Background Checks on Job Applicants: 3 Things You Need to Know
Are you using criminal background checks as part of your hiring process? If so, your use of them is subject to federal law. We can show you how to avoid some common – and dangerous – pitfalls when using background checks to safeguard your business.
Georgia law requires every employer to use “ordinary care” to ensure that its employees don’t pose an unreasonable risk of harm to others. Georgia courts have held that, at least sometimes, ordinary care will require an employer to perform a background check before hiring a potential employee. For example, in 2007 our Court of Appeals held that a home-security company that knew its salesmen would be entering customers’ homes as part of their job could be held liable for failing to run a background check on a salesman who later attacked a customer. Underberg v. Southern Alarm, Inc., 284 Ga. App. 108 (2007). Given the potential for liability, it isn’t surprising that many employers run criminal background checks on potential employees as a matter of course. But even though it might be required, running a background check on a potential hire carries its own risks if you fail to comply with applicable law governing how you procure and use background checks in the hiring process.
Before you use a background check in your hiring process, here are three things you need to know:
- Federal law governs how you obtain the background check and what you do with it;
- You have to get the potential employee’s consent before you begin; and
- You have to take certain actions both before and after you reject the potential employee.

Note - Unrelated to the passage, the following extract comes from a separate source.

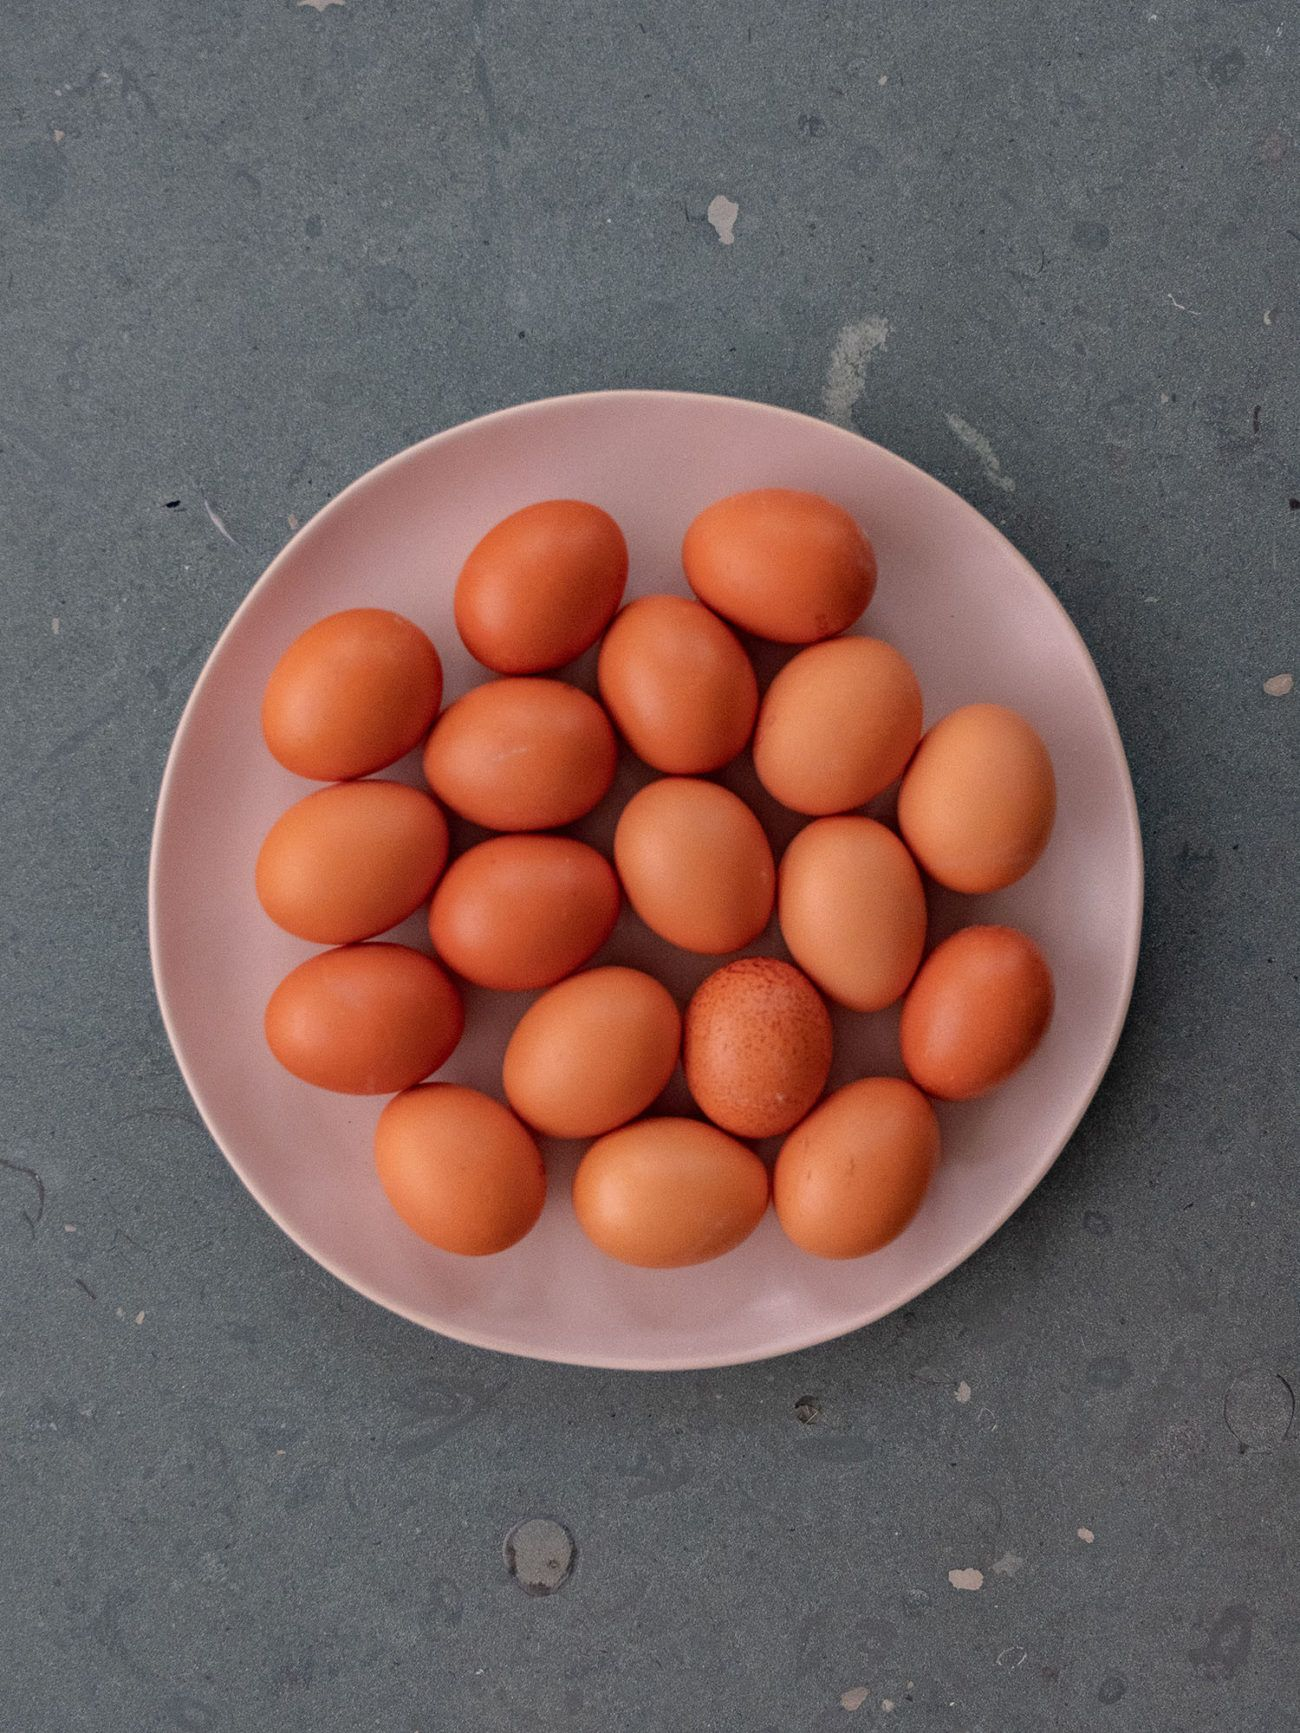 Rezept Omelette mit Spinatsalat, About Fuel, Eier

One: Federal law applies when you run a background check on a potential employee.
Even though state law may require a company to perform a background check, federal law imposes a completely independent set of requirements. That is because of the federal Fair Credit Reporting Act (or “FCRA”). 15 U.S.C. § 1681 et seq. To judge by its name, you might think the FCRA only applies to credit reports, not criminal background checks. You would be wrong. The FCRA is worded so broadly that many other types of reports fall within its purview. The statute applies to almost any commercially prepared report about a person’s “character, general reputation, personal characteristics, or mode of living” if the report is used to determine that person’s eligibility for employment. That statutory definition includes criminal background reports. See Farmer v. Phillips Agency, Inc., 285 F.R.D. 688 (N.D. Ga. 2012).
Two: You have to get the applicant’s permission before you get the report.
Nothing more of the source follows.